| DATA |
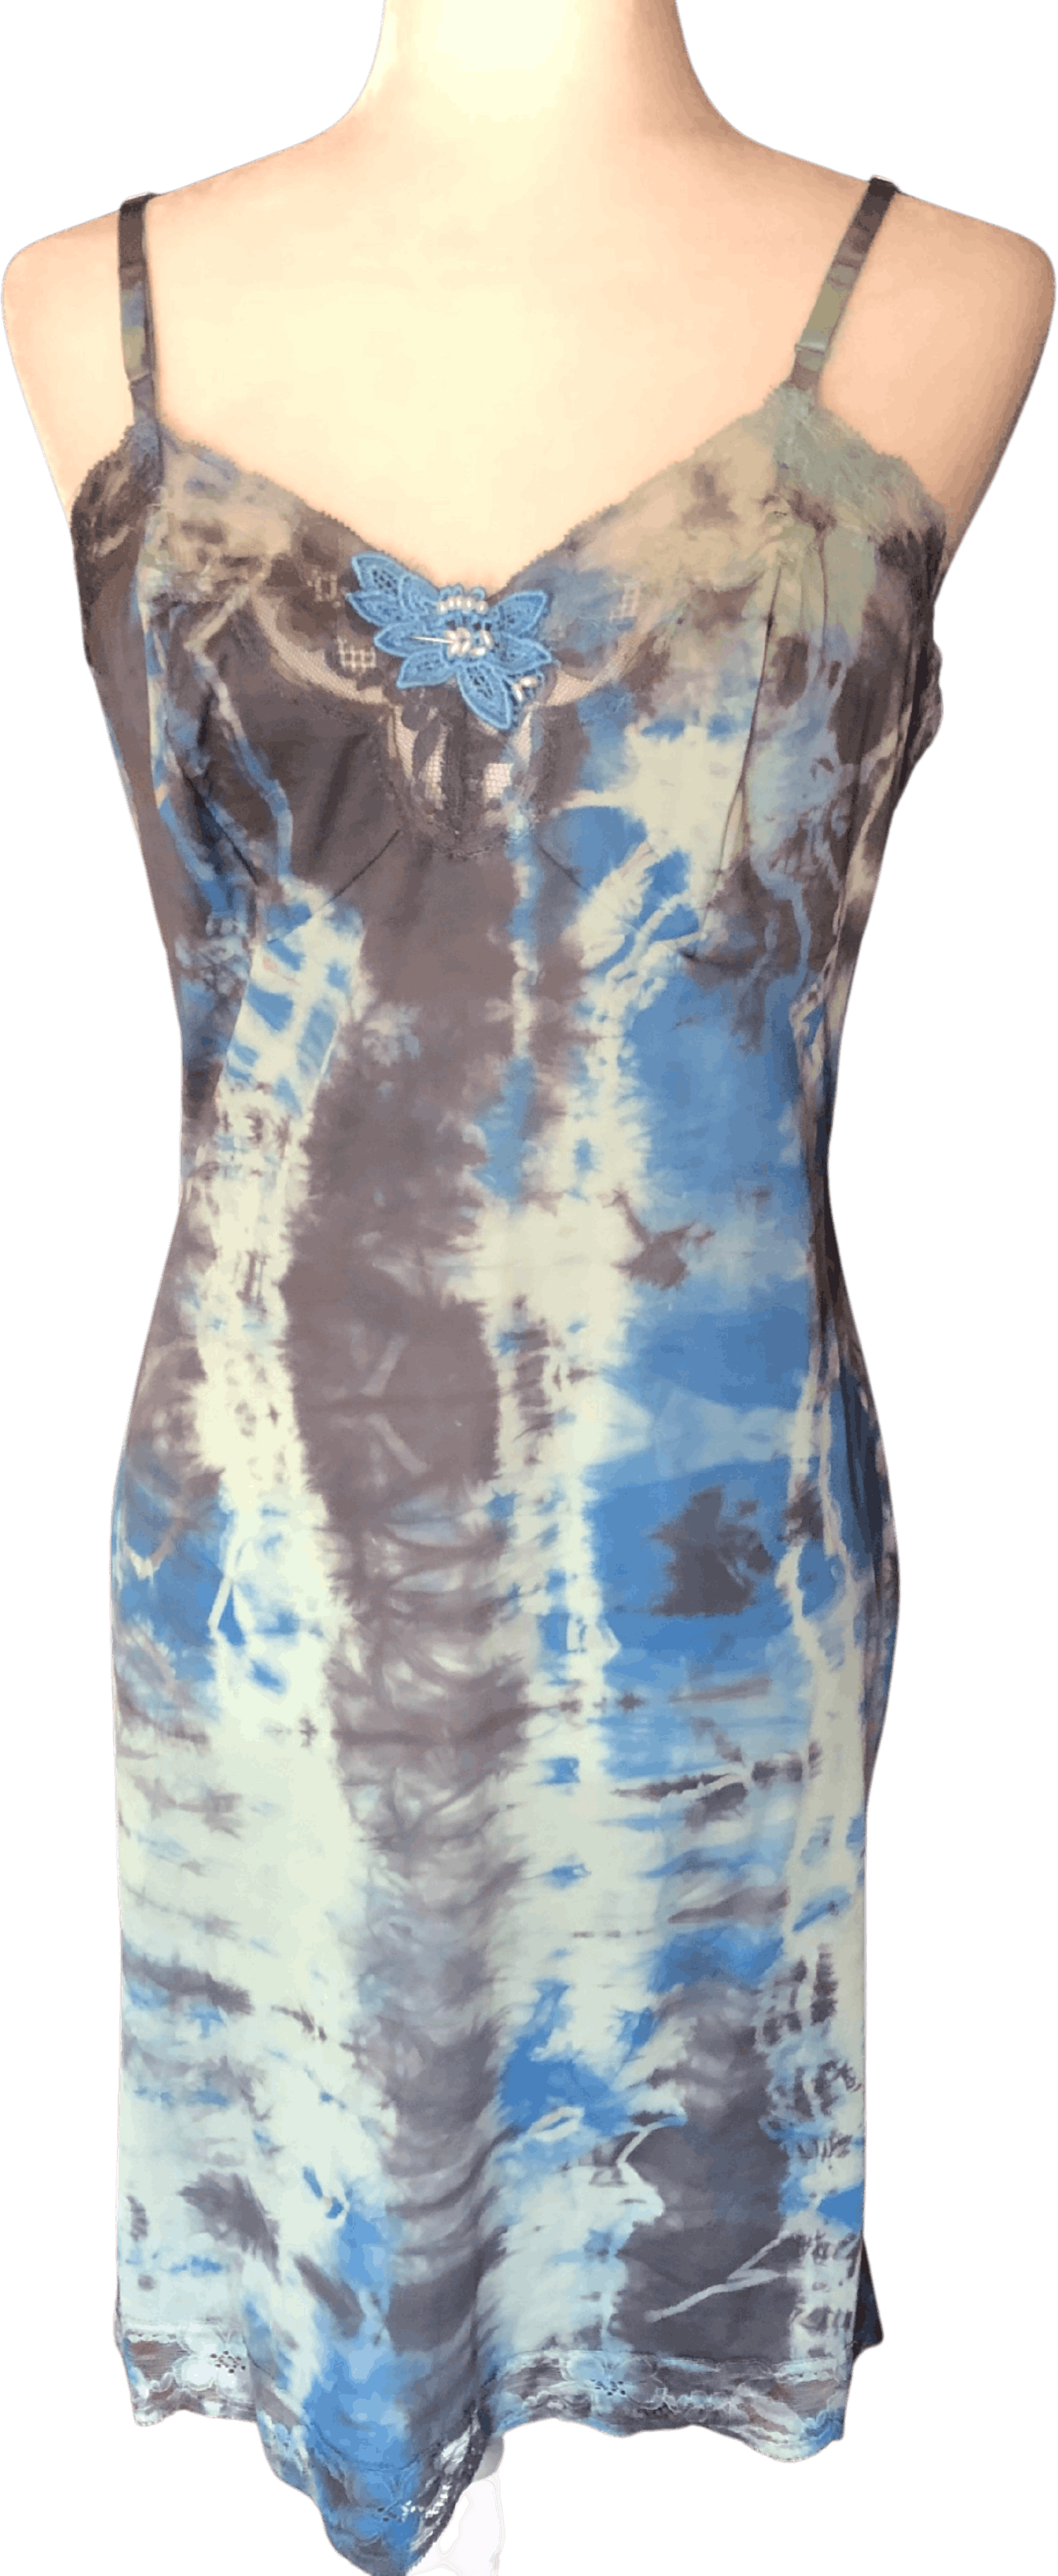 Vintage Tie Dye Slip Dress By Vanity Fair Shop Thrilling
--
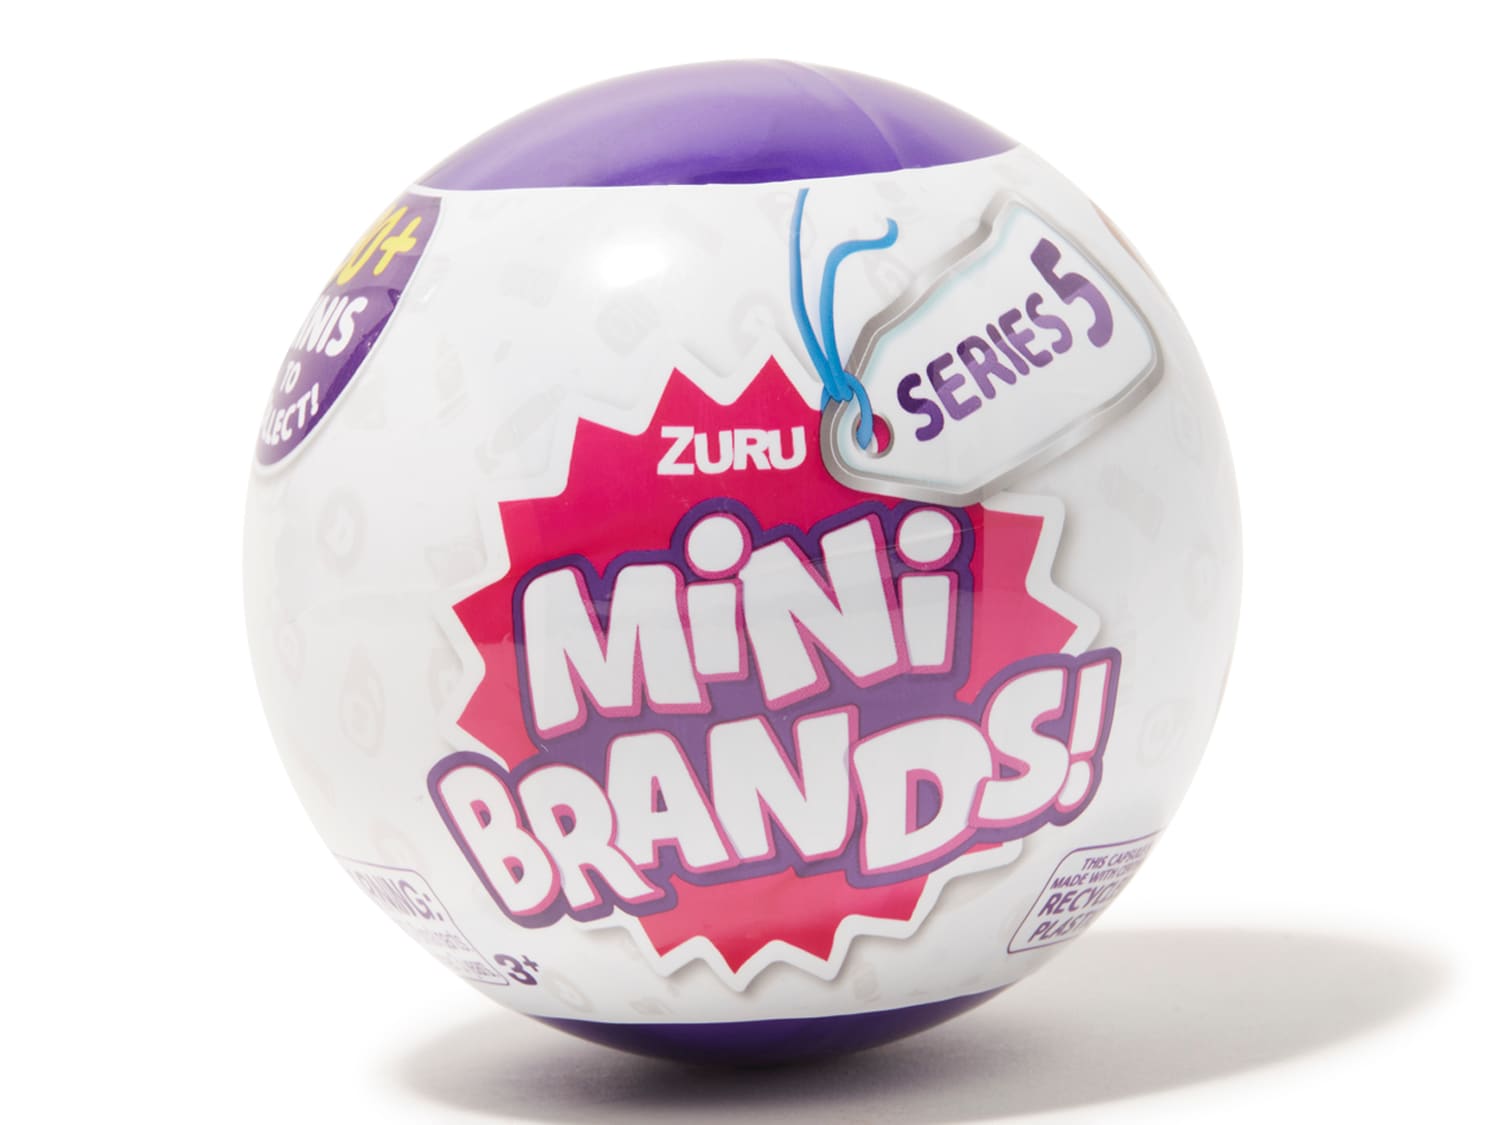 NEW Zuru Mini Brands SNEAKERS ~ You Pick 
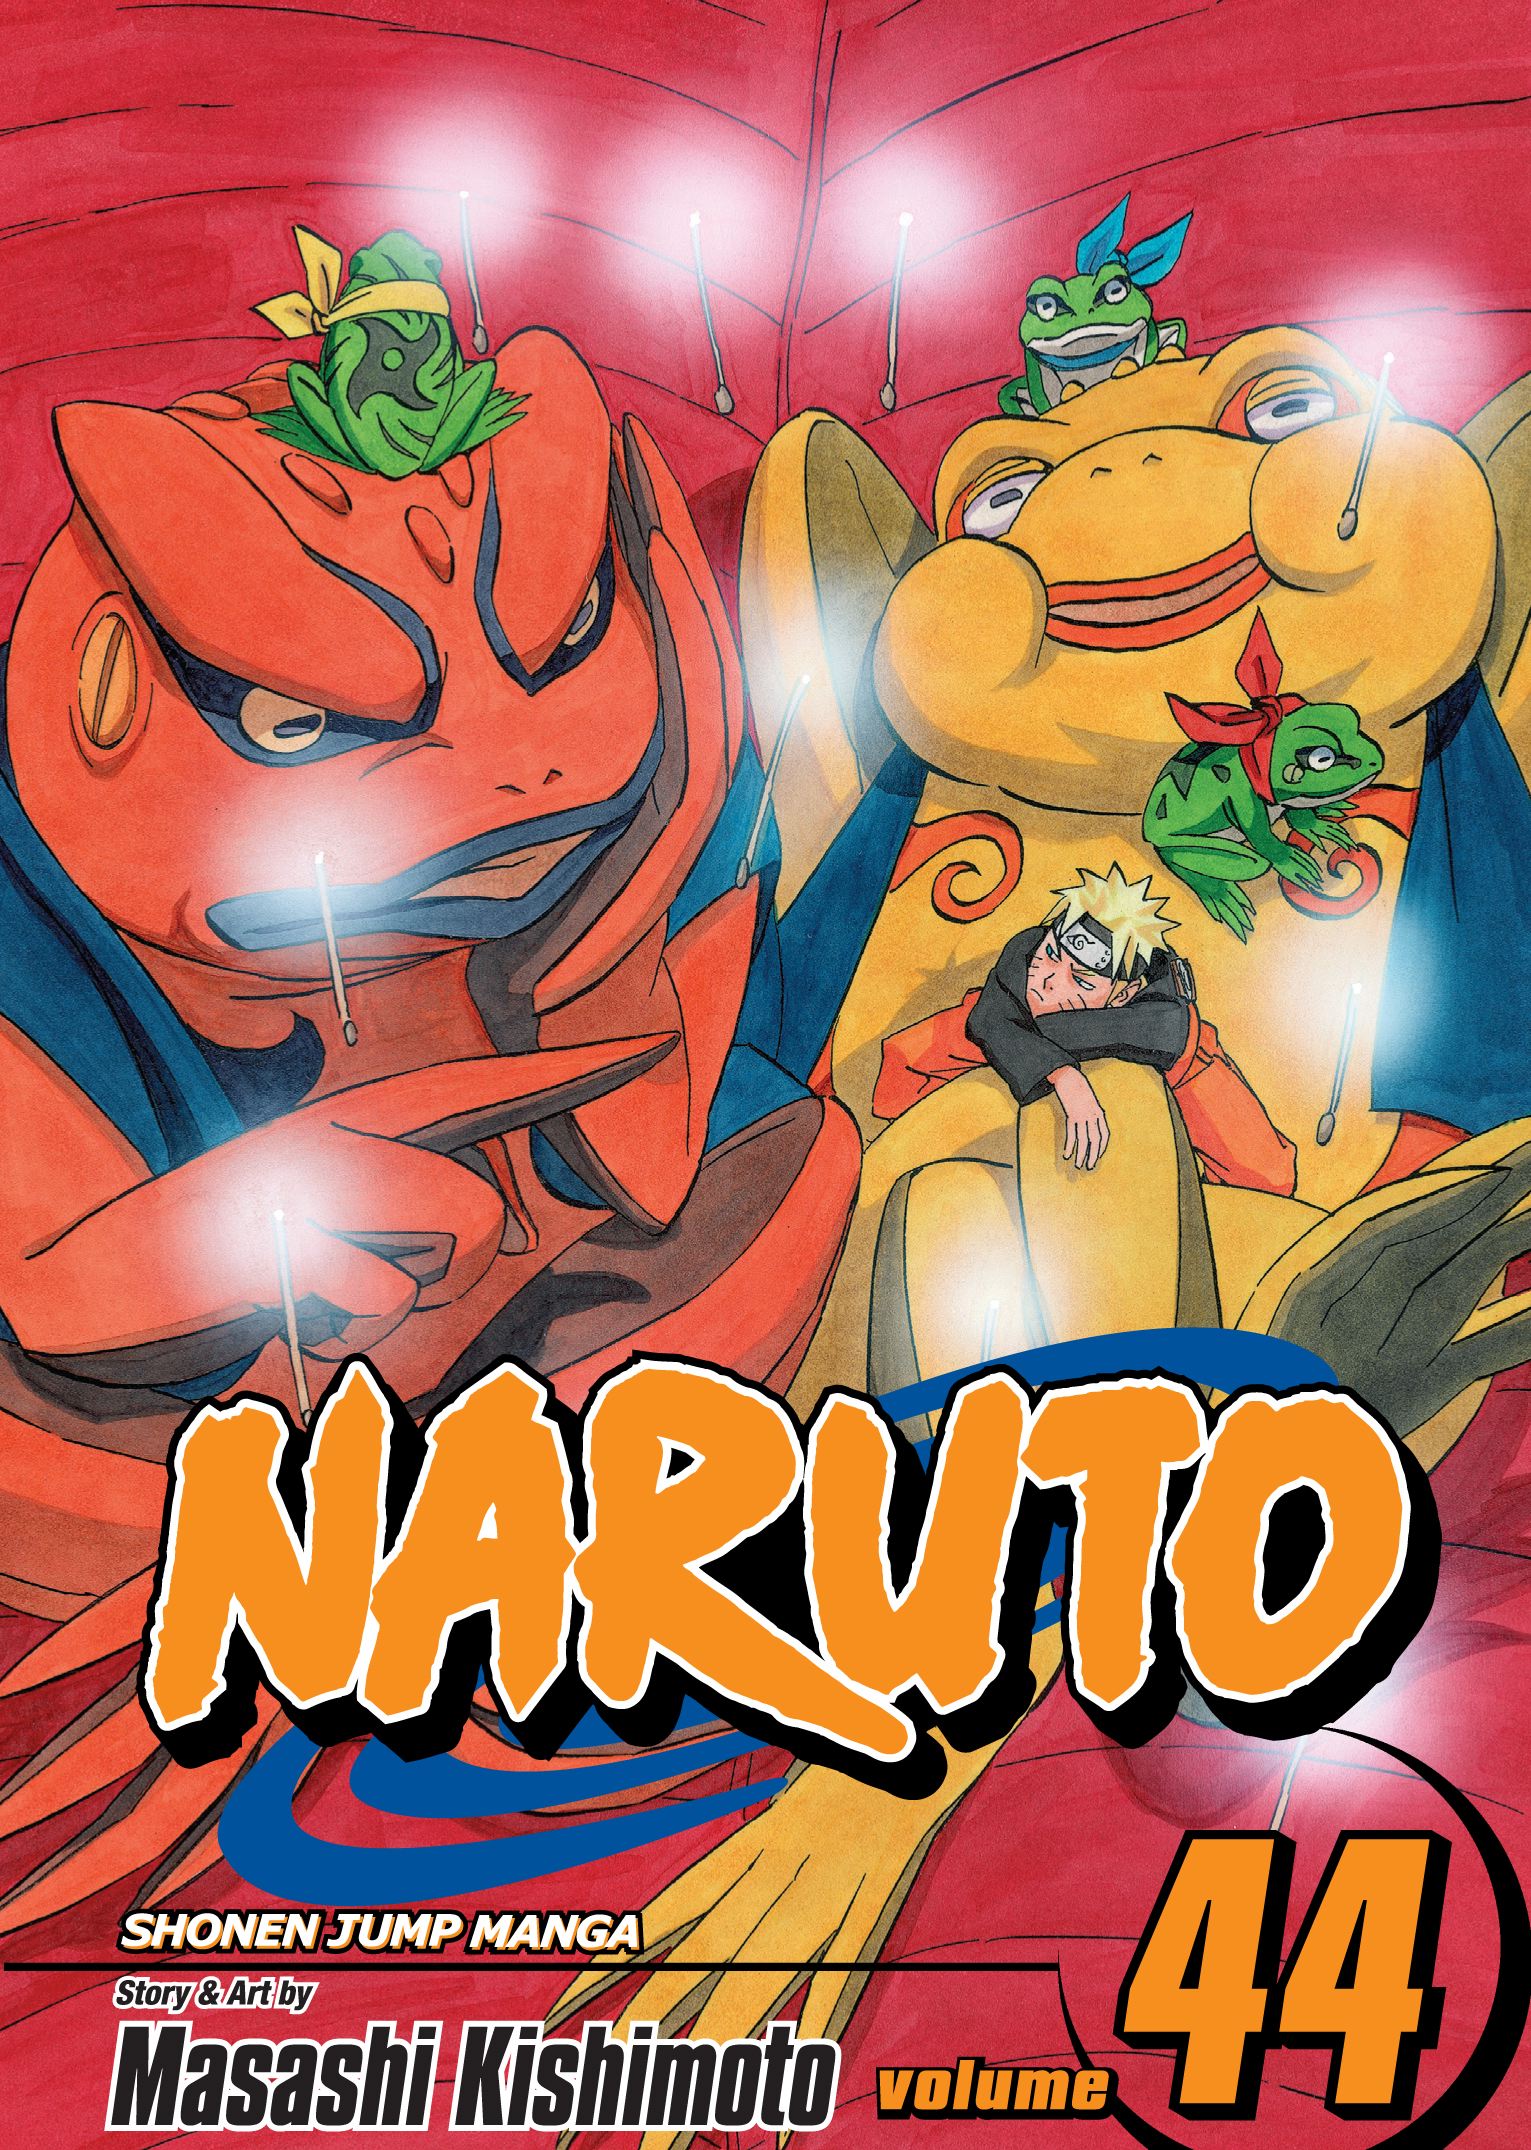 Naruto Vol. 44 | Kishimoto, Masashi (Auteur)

| EXERCISE BRIEF |
Beginning with the line above that contains "NEW Zuru Mini Brands SNEAKERS ~ You Pick" and ending with the line that contains "Naruto Vol. 44 | Kishimoto, Masashi (Auteur)", quote each line exactly, keeping out the pictures.

| THE COMPLETED TASK |
 NEW Zuru Mini Brands SNEAKERS ~ You Pick 
 Naruto Vol. 44 | Kishimoto, Masashi (Auteur)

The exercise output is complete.